Spaced coils allow you to make coils without the need for dry burning.


----------



## BigGuy

Hi ladies and gents just another how to and in my opinion the best method to wick all these new Velocity styled decks with juice channels.

Reactions: Like 4


----------



## BigGuy

Hi ladies and gents here is my review on the Limitless XL please excuse all the hhhmmm and hhhaaaass im not used to doing these things but will get some new equipment to do better reviews after Vapecon.


----------



## Dubz

@BigGuy how do you find the condensation on top of the mod due to the airflow being under the tank?


----------



## BigGuy

@Dubz I cant say i have noticed any due to the way i vape, i tend to let go the power and carry on inhaling as to draw all the vapour in. But will monitor it for you.


----------



## Dubz

BigGuy said:


> @Dubz I cant say i have noticed any due to the way i vape, i tend to let go the power and carry on inhaling as to draw all the vapour in. But will monitor it for you.


Thanks @BigGuy .


----------



## BigGuy

Hi guys sorry it took so long but i was waiting for my web cam. Here is in my opinion the best way to wick the single coil on the Limitless XL. I have done a video for the dual coil as well and it is busy uploading.

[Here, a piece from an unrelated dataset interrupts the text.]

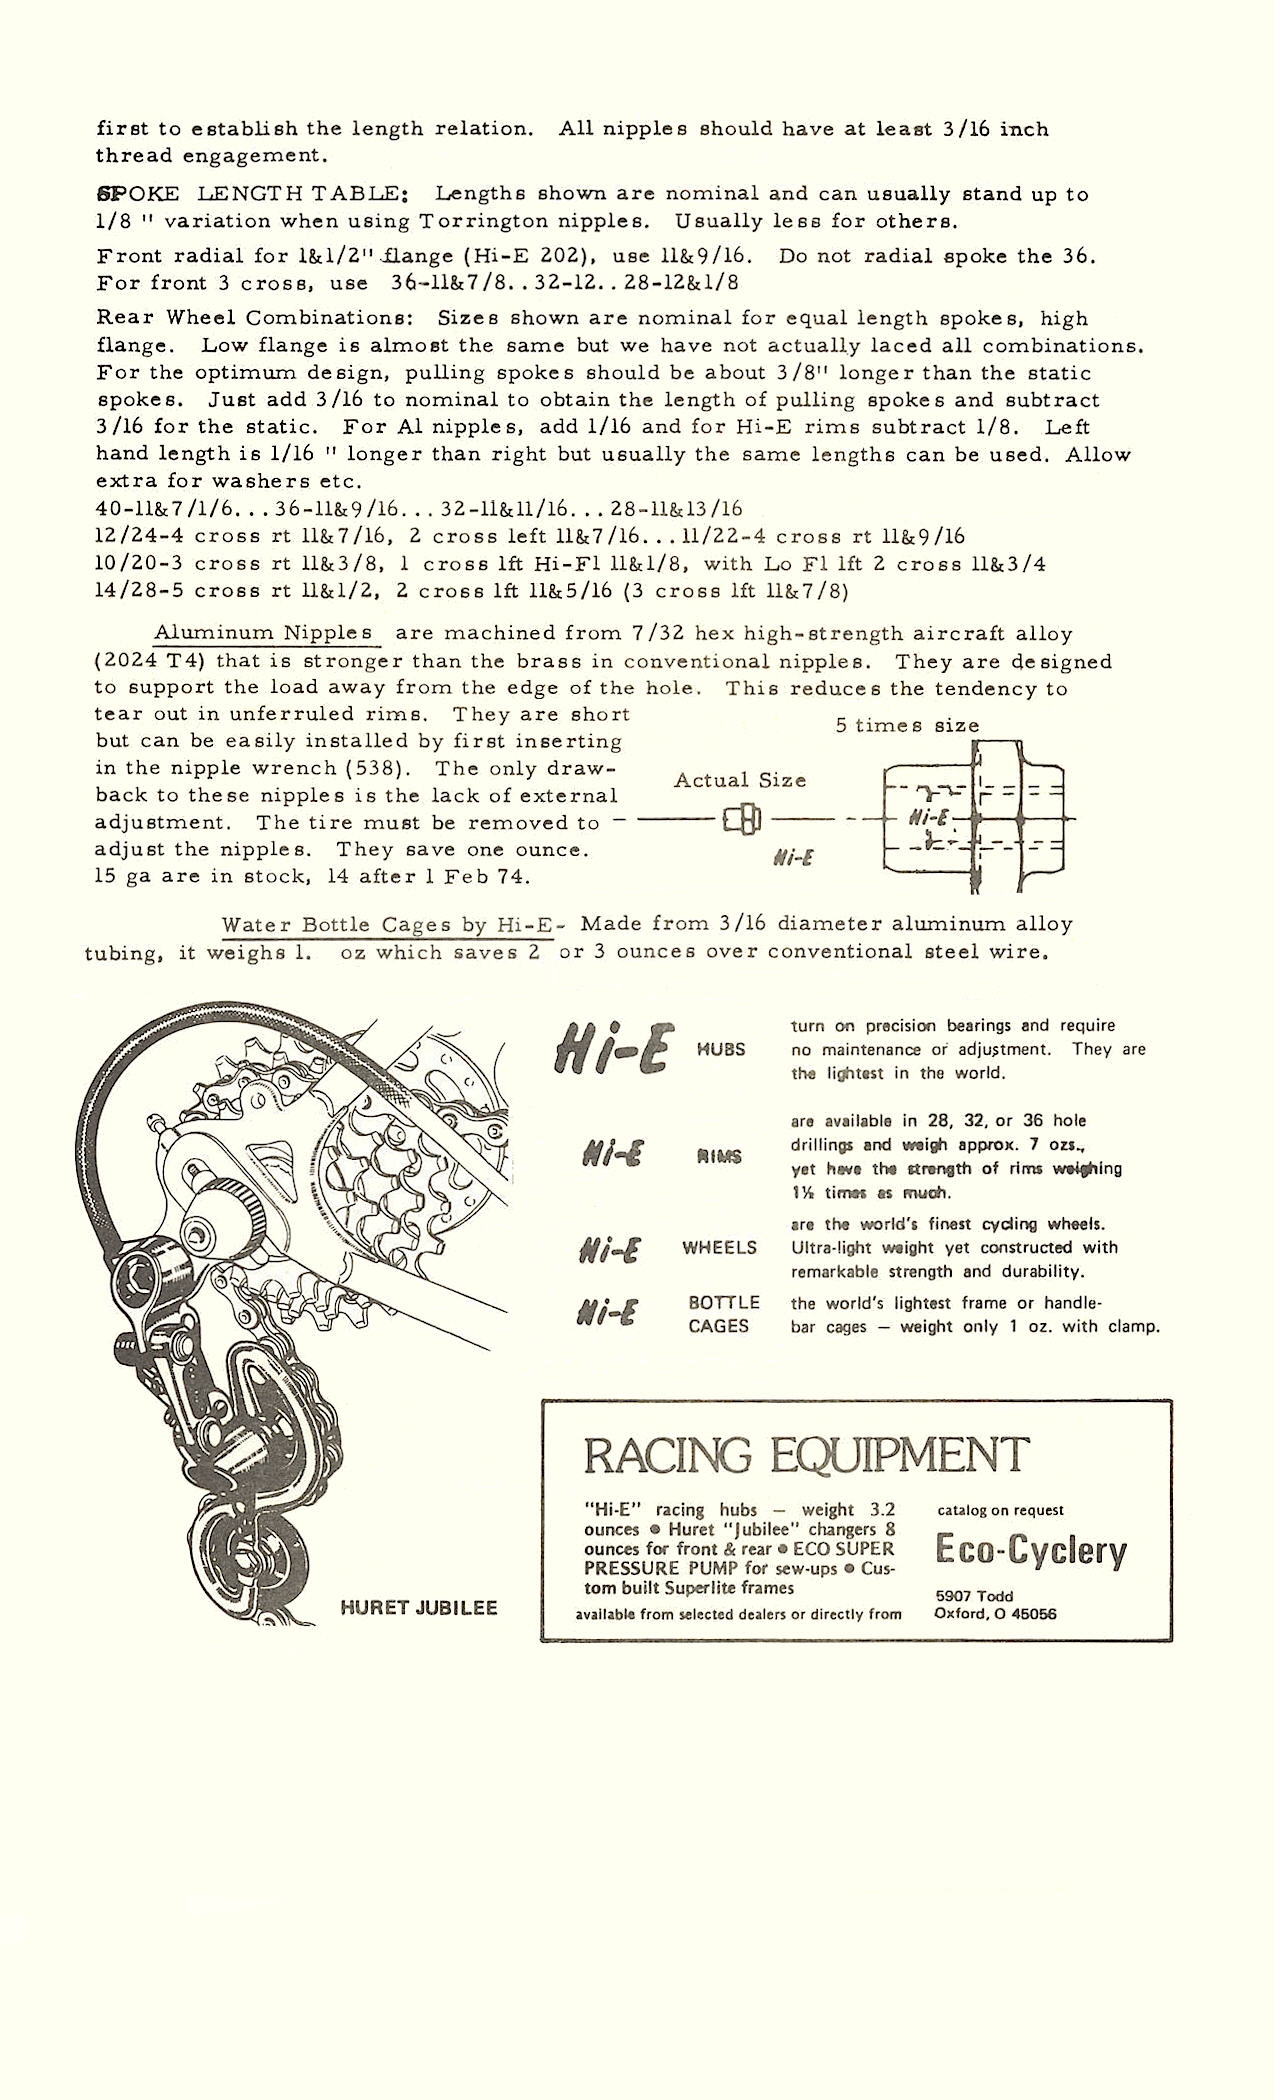 Hi-E parts list / price list (11-1973)

Reactions: Like 2 | Winner 1


----------



## BigGuy

As promised my opinion on how to wick up the Dual coil for the Limitless XL.

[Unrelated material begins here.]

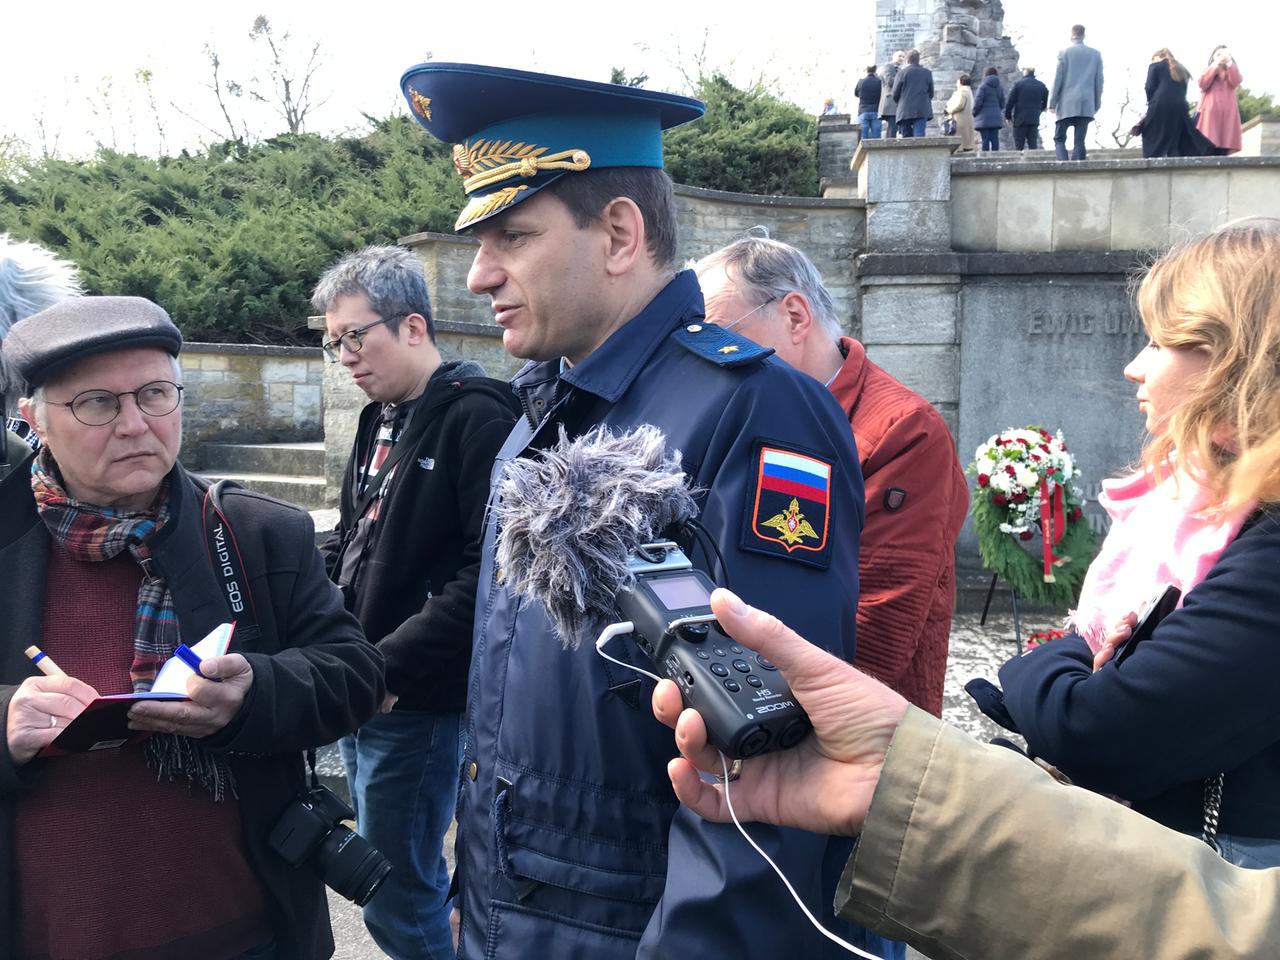 Ein russischer Militärattaché in Uniform an einem Gedenkort umringt von Journalisten

Reactions: Like 1 | Winner 1


----------



## Tank88

Hi @BigGuy, could you maybe give me some pointers or do a video on wicking the Griffin 25 mini. I've tried a few different techniques and watched pretty much all the tutorials on YouTube and I'm still getting some leakage. Thanks man

Reactions: Like 1


----------



## BigGuy

@Tank88 Will do

Reactions: Like 1


----------



## BigGuy

As promised a video on the new Transformer RDA


----------



## Deckie

BigGuy said:


> As promised a video on the new Transformer RDA



Thanks @BigGuy , great review, short sweet & to the point. Mine arrives today & it was nice to see a little insight

Reactions: Thanks 1


----------



## BigGuy

Hi guys and gals here is the video as promised on the IJoy Combo RDTA.

Reactions: Like 3


----------



## Anneries

Thank you @BigGuy practiced two of your tips this morning, spaced coils and inserting them into my Crius V3, really saved me time, the spaced coils is so easy, and fast, literally takes the time to wrap one coil to do two, then just the compression on each. 

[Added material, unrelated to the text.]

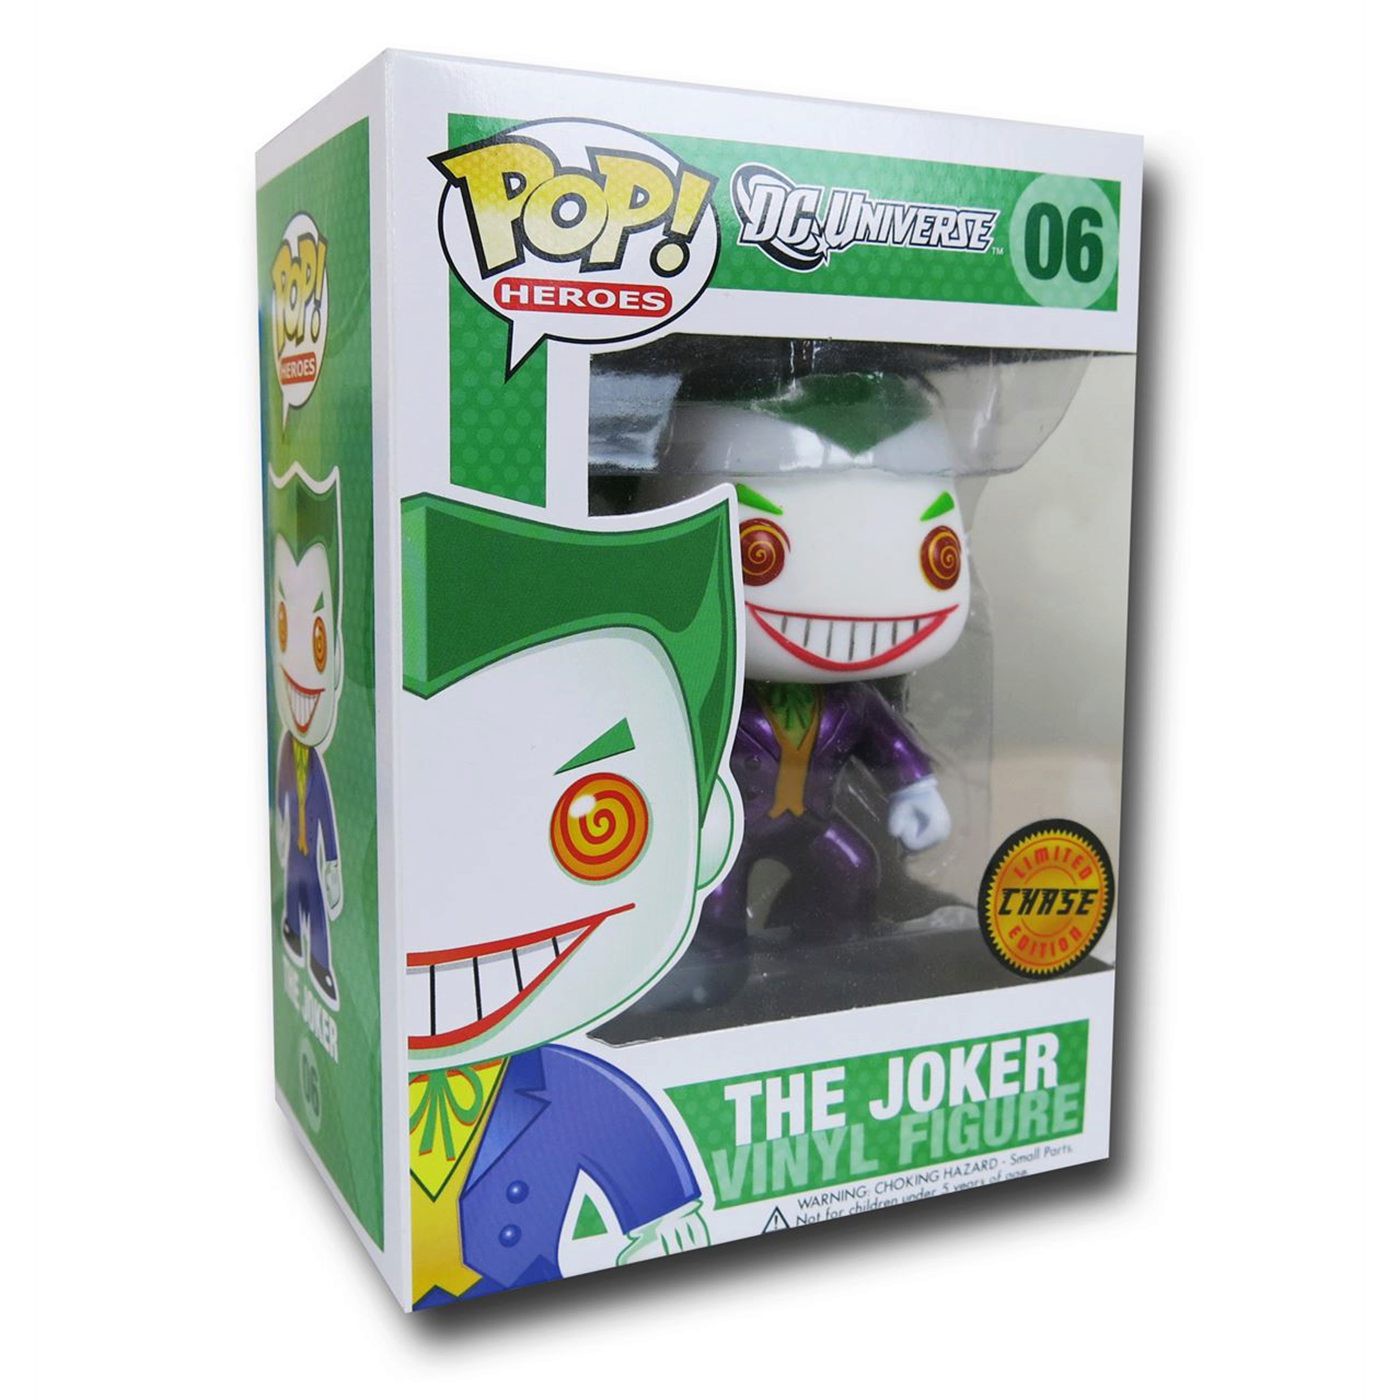 Joker Chase Variant Funko Pop Vinyl Figure

Again, thank you a lot from a noob still getting the hang of everything.

Reactions: Like 1 | Thanks 1


----------



## dastrix550

@BigGuy, not just a pretty face.

Reactions: Funny 2


----------



## BigGuy

Review on the FUJI GTA by Digiflavor. My opinion the perfect single coil tank for the beginner to the advanced user.


----------



## Vape_r

Could you do a wicking video on the Griffin 25 mini?


----------



## dastrix550

Vape_r said:


> Could you do a wicking video on the Griffin 25 mini?



Think this might help.


----------



## BigGuy

@dastrix550 thanks but that video wont help its a different styled deck. ill do one tomorrow @Vape_r

Reactions: Thanks 1


----------



## Jebula999

BigGuy said:


> Hi ladies and gents here is my review on the Limitless XL please excuse all the hhhmmm and hhhaaaass im not used to doing these things but will get some new equipment to do better reviews after Vapecon.




Hey man,

Just a note i would like to mention with the limitless mod.

In the vid i see the mod is set to "SO" which is Soft Mode. So with the mod firing at 200W im not sure if it is a true 200W.
I have been using the mod a few weeks now, and the 3 modes "SO" "ST" and "PO" seem to change the Voltage the mod produces.

Say in "ST" mode (Standard) the voltage is 4V @100W, "SO" will be 3.5V @100W and "PO" will be 4.5V @100W.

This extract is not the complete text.